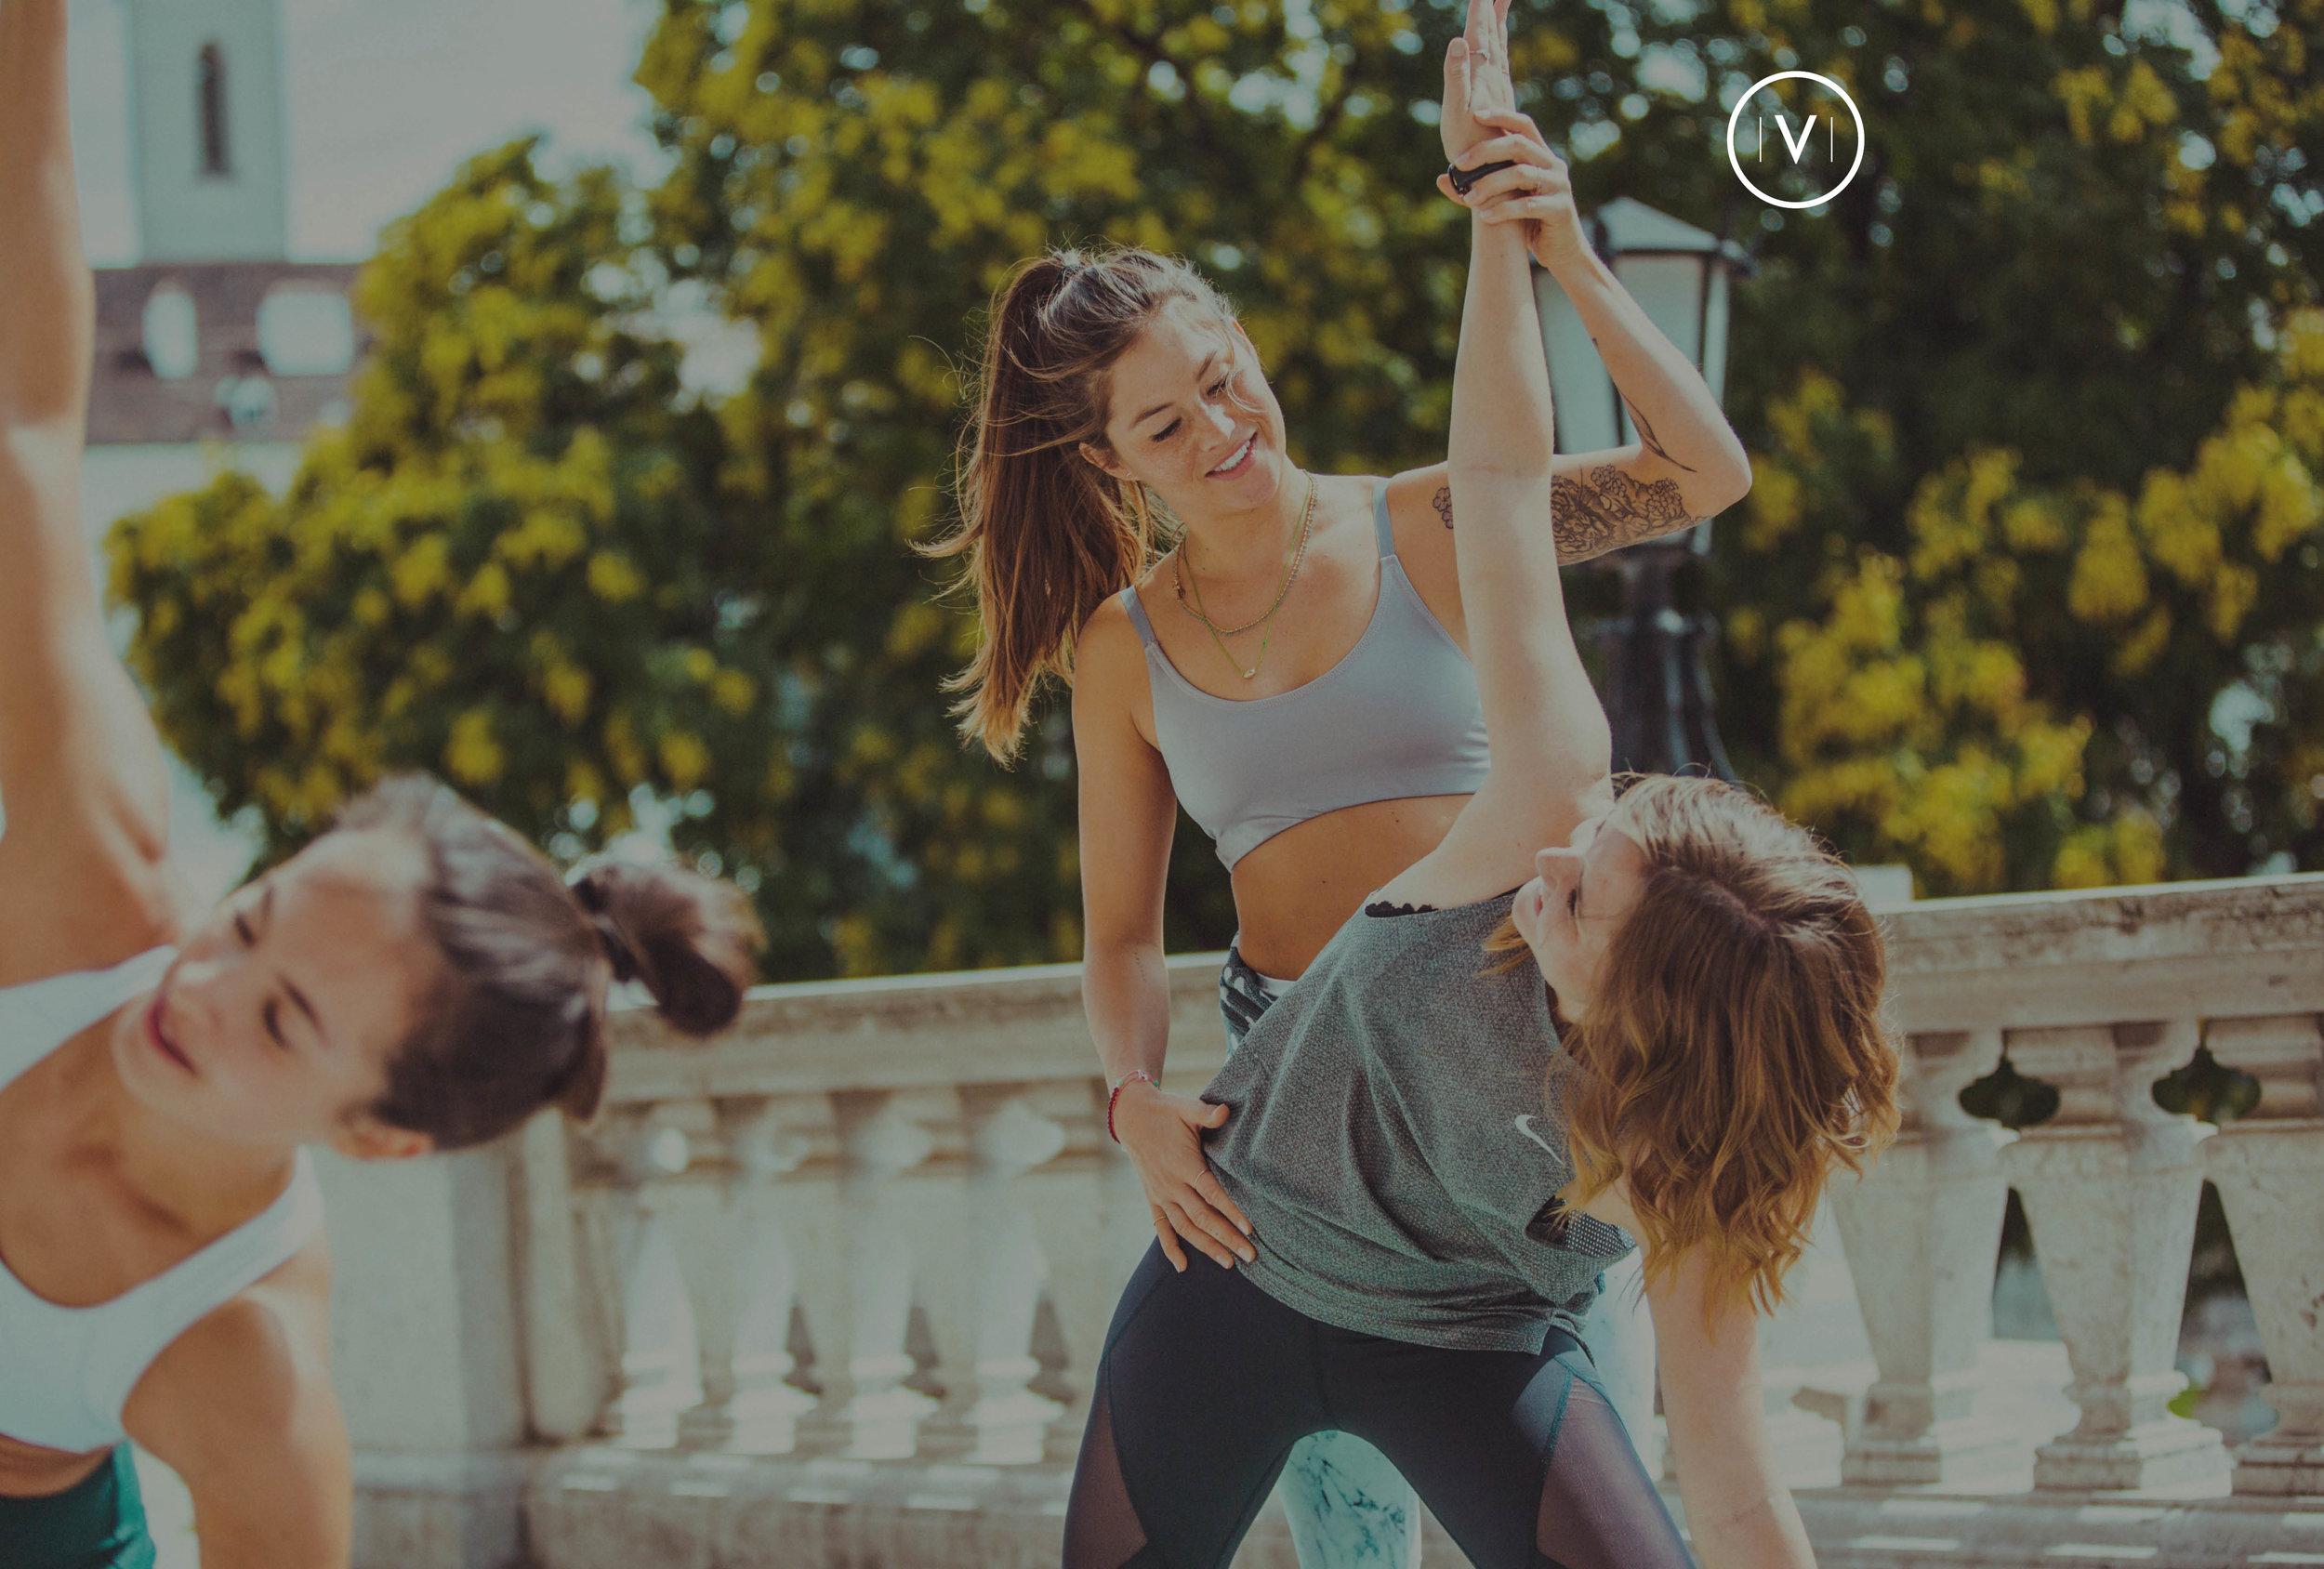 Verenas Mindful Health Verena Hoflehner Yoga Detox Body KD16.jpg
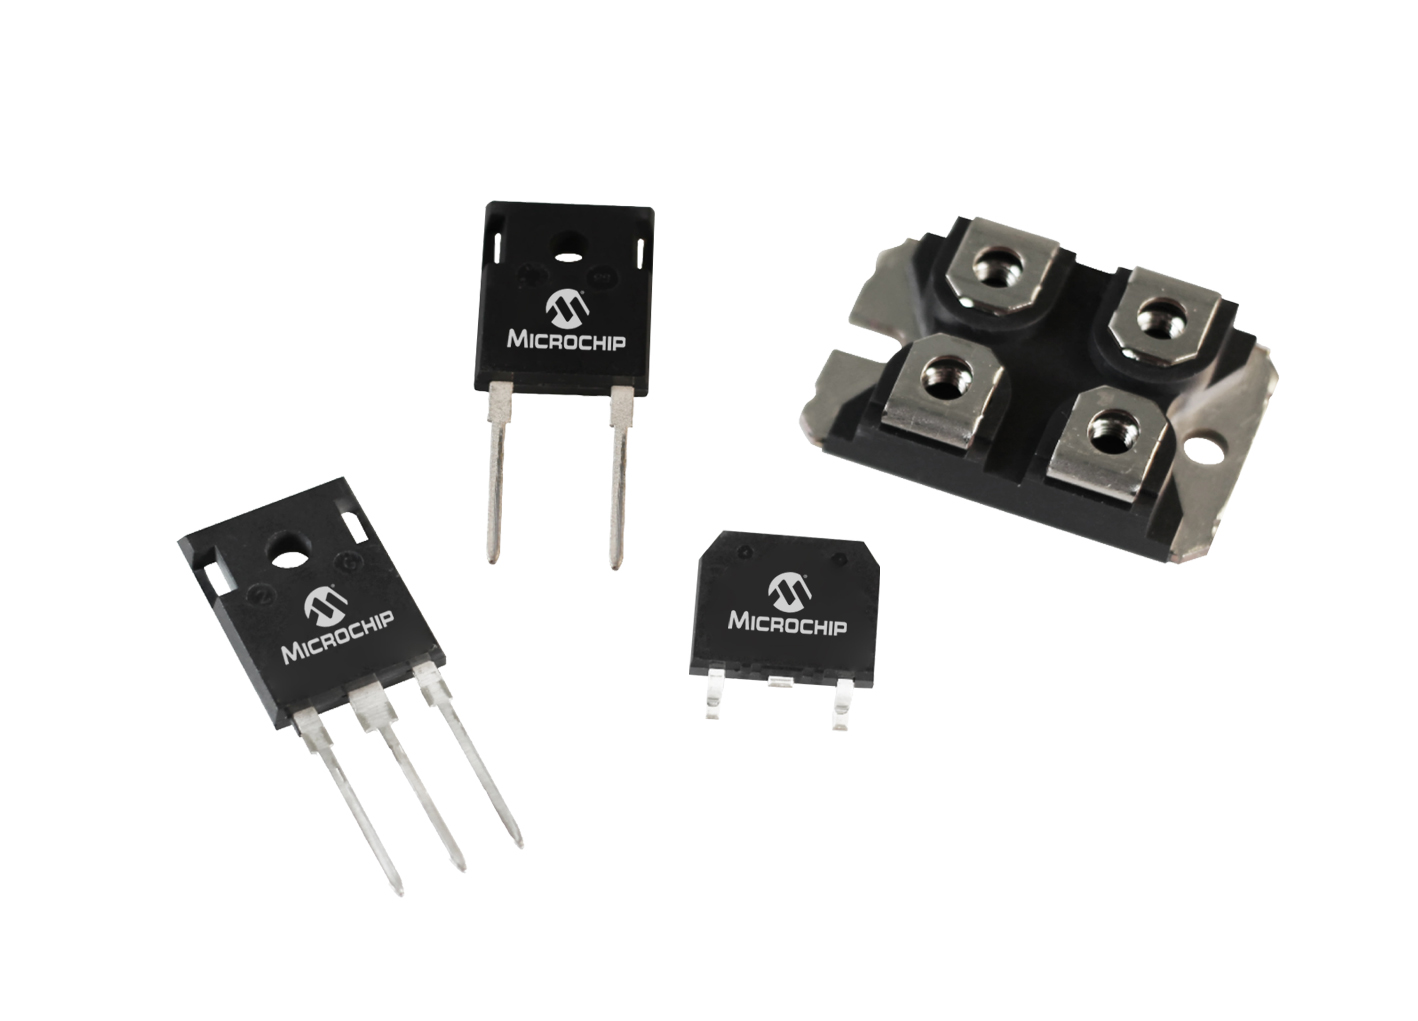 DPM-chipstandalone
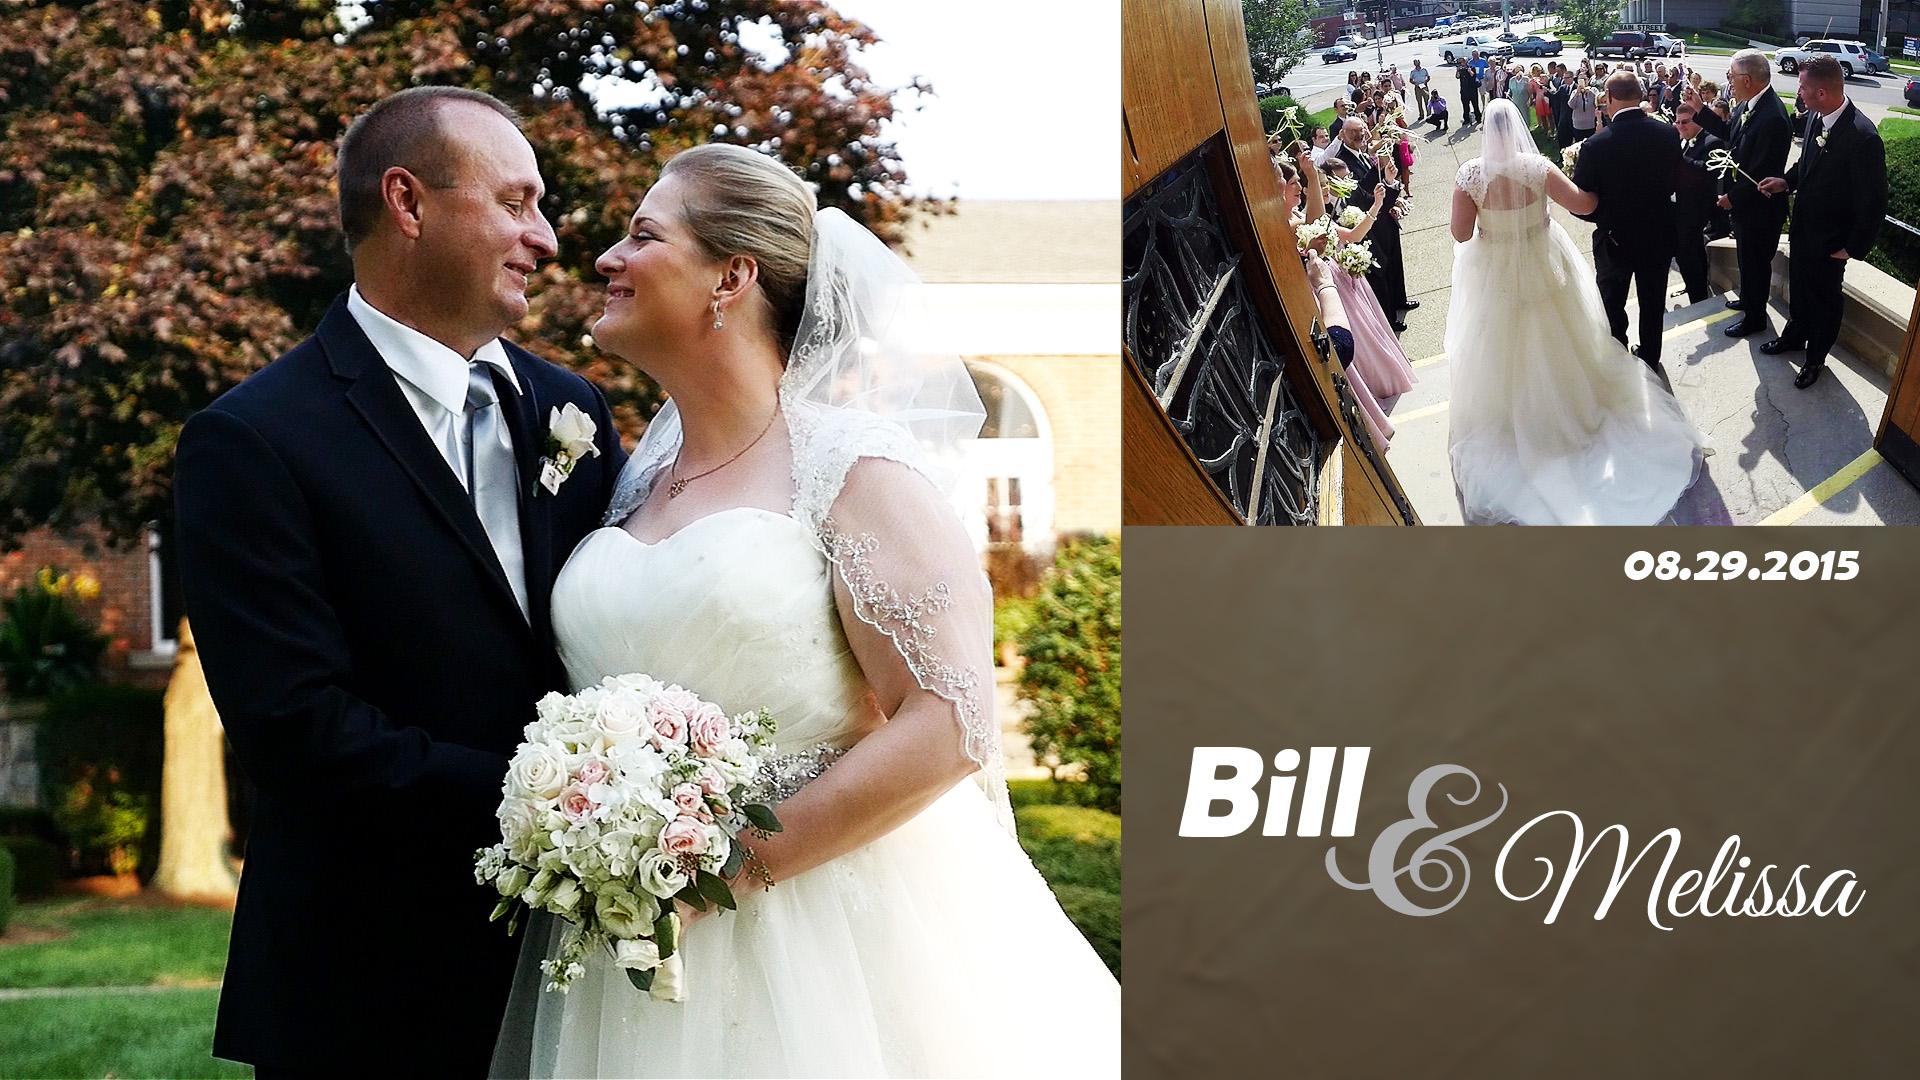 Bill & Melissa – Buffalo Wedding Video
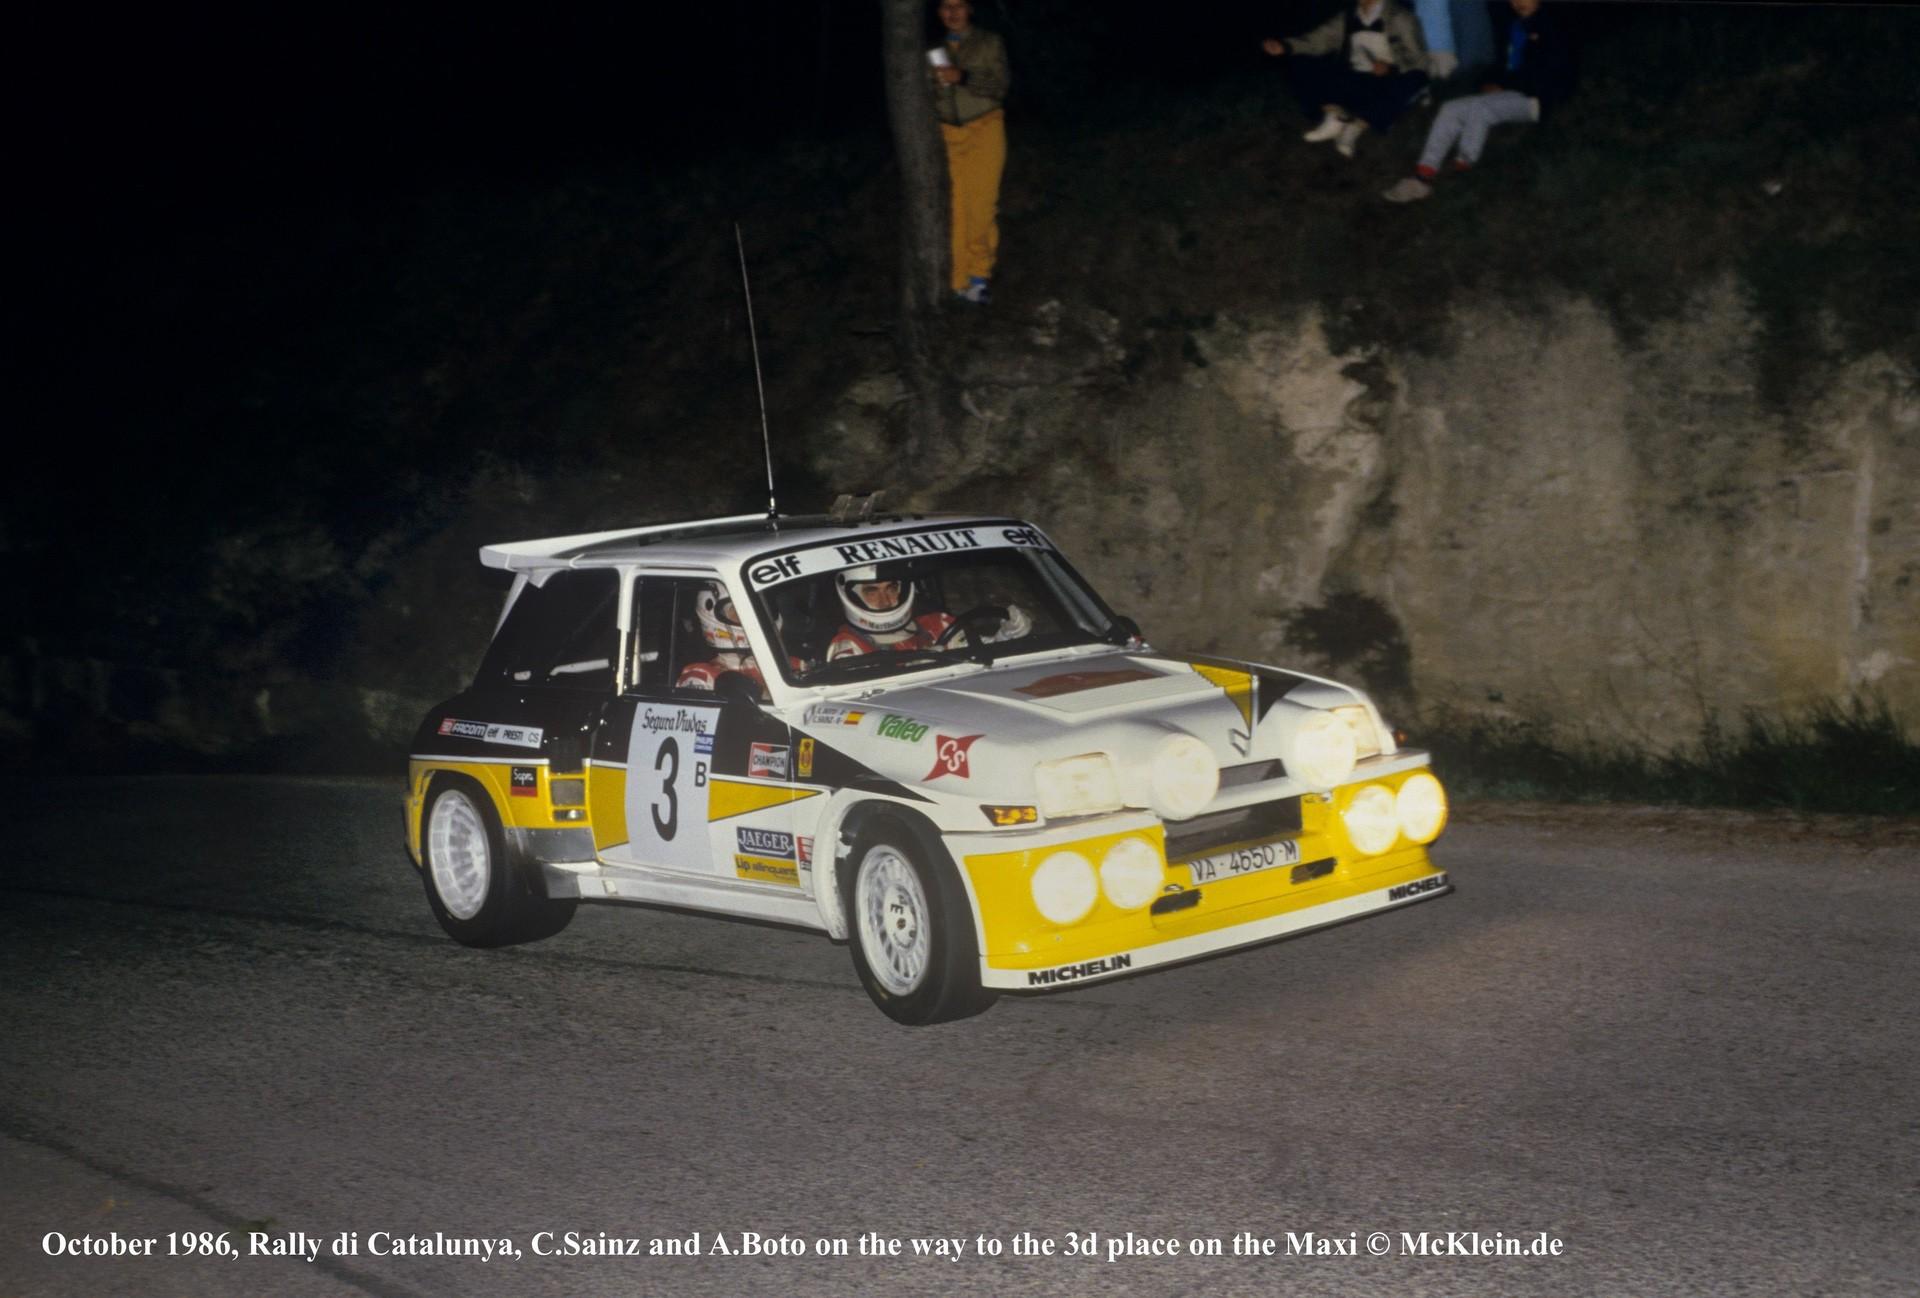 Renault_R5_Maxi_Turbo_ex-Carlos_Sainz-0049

==================================================

Work request: Give back the material above exactly as written, but omit the images.

Answer to this task:
 Verenas Mindful Health Verena Hoflehner Yoga Detox Body KD16.jpg
 DPM-chipstandalone
 Bill & Melissa – Buffalo Wedding Video
 Renault_R5_Maxi_Turbo_ex-Carlos_Sainz-0049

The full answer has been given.